Valency is, of course, just a general term used to describe
the power which atoms have of combining with each other to
form molecules. We know now that chemical bonding
parameters span a wide range, from several electron volts/mole
found in the so-called "covalent" bonds through
kilocalories/mole for "hydrogen bonds" and the fraction of
kilocalories/mole observed in the "Rydberg molecules." Here I shall,
however, only be concerned with molecular bonding in the
electron volt class.
Quite early after the discovery of the electron by J. J.
Thomson in 1897 many scientists suggested that molecules
might be held together by the electrostatic force resulting from
a transfer of an electron from one atom to another. A great
advance was made by G. N. Lewis (1), who in 1916 suggested
that it was possible for an electron to be shared between two
atoms, thereby giving a stability to both. A divalent atom like
oxygen needs, for instance, two more valency electrons to fill
an octet of electrons. It can gain these by sharing two electrons
belonging to another atom or atoms, thereby filling both their
octets of electrons at the same time.
Lewis did not discuss how this sharing took place, and of
course his static model of the chemical bonding would require
some unknown forces. Sixteen years later he wrote (2)

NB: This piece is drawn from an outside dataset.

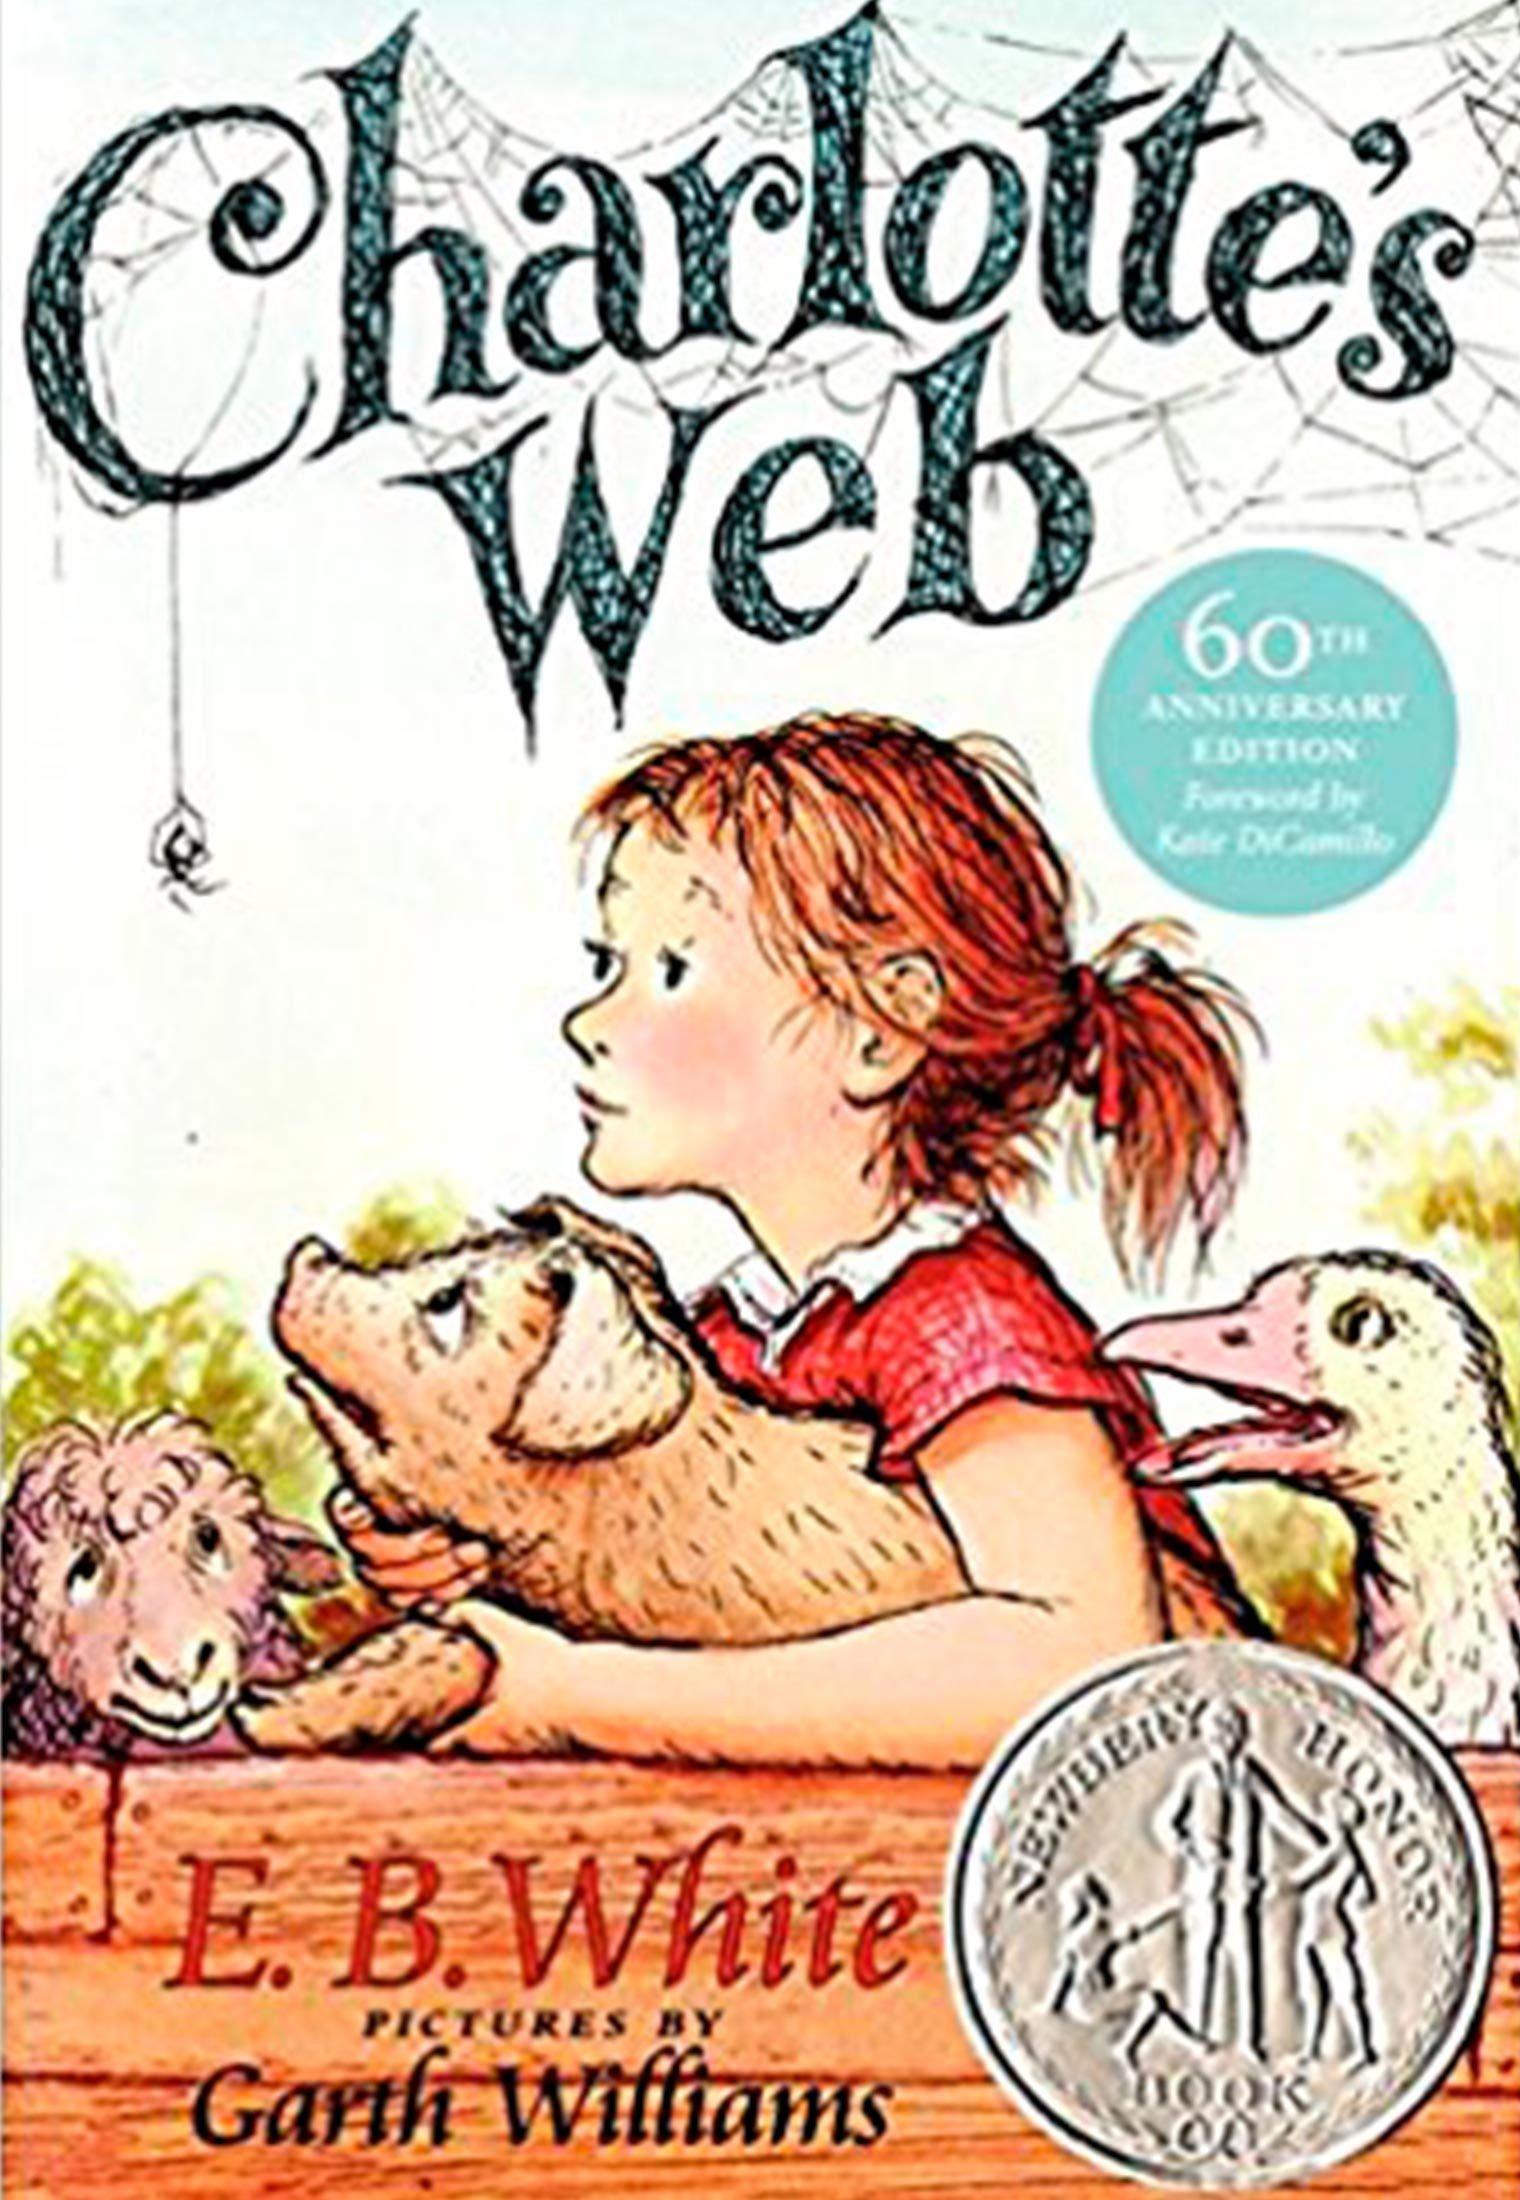 The Best Children's Books Ever Written | Reader's Digest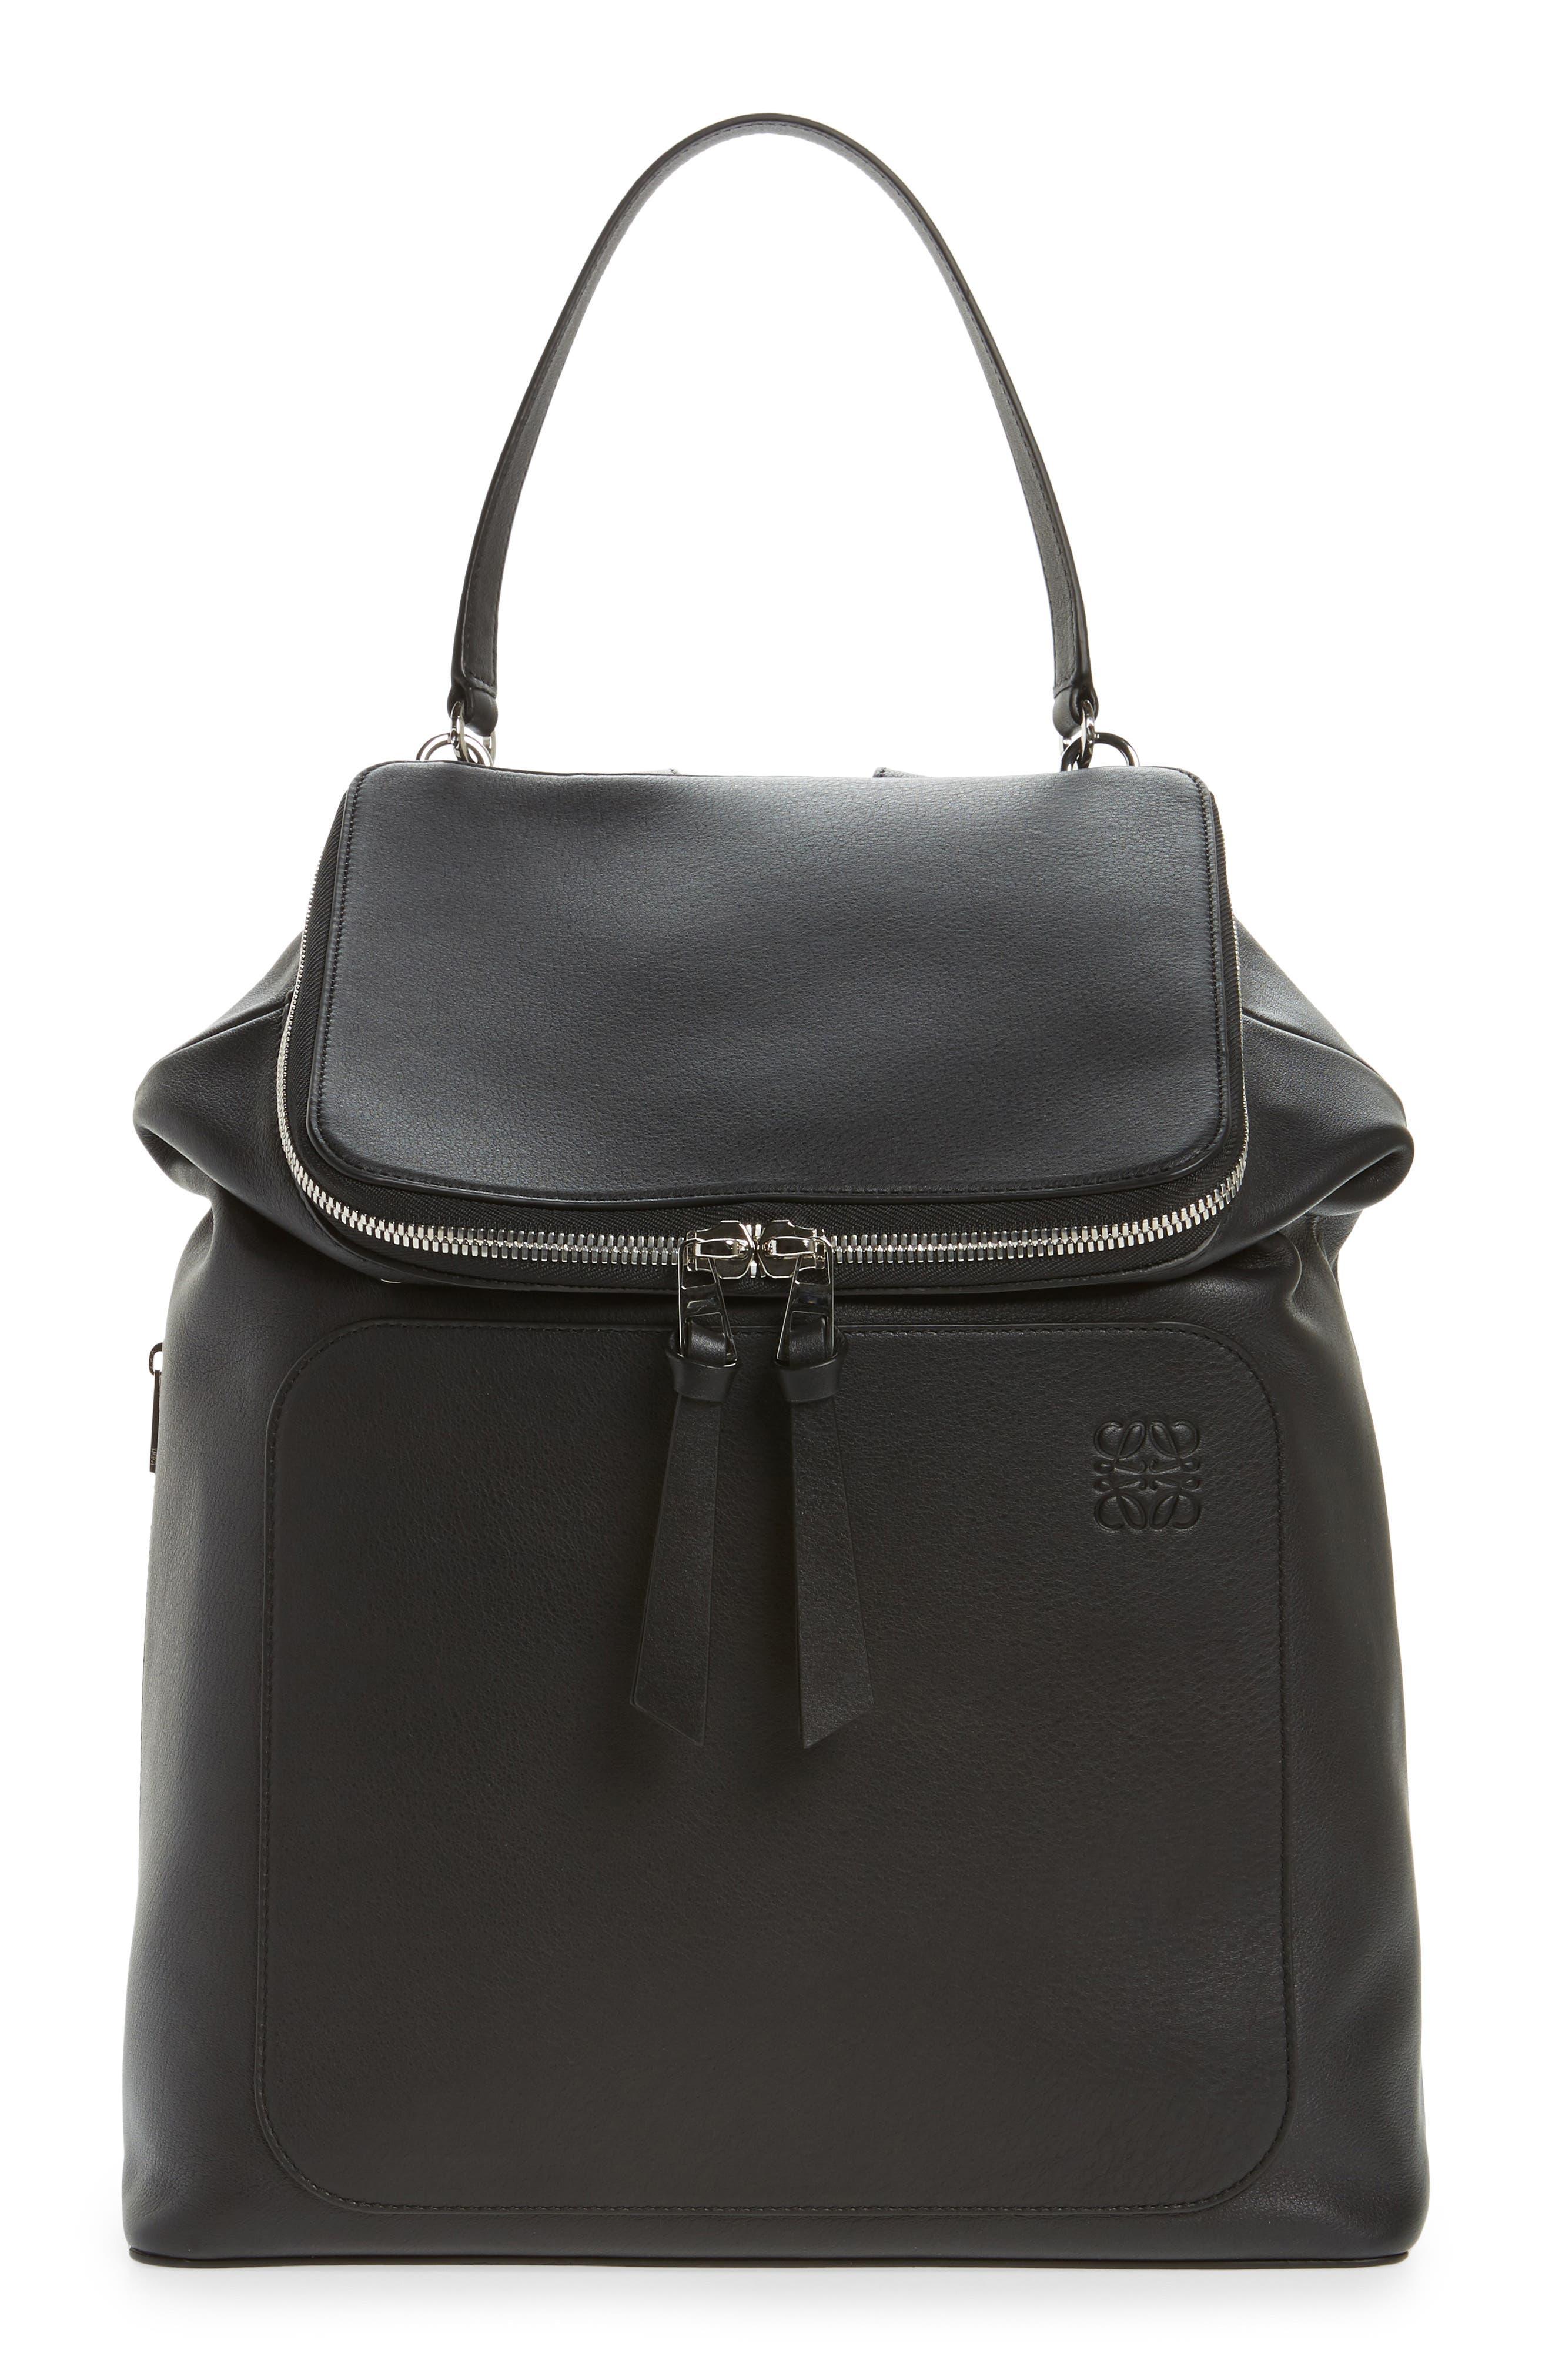 1244dd7dcf269 Buy bags for men - Best men's bags shop - Cools.com

... when I first deduced the idea of the electron pair bond from an
analysis of chemical facts... it was obviously incompatible with the
then accepted laws of electromagnetics and mechanics. The qualitative
principles of molecular structure were presented, so to speak, as
the minimum demands of the chemist which must eventually be met
by the more far-reaching and quantitative work of the mathematical
physicist.
No understanding of the mechanisms and dynamics of a
chemical bond was indeed possible before the advent of
Schrödinger's wave equation in 1926. Yet it should not be
forgotten that in a qualitative way the Lewis concept of the
chemical bonds offers a remarkably successful picture of many
valence phenomena. Its impact on the understanding and
teaching of chemistry can hardly be exaggerated.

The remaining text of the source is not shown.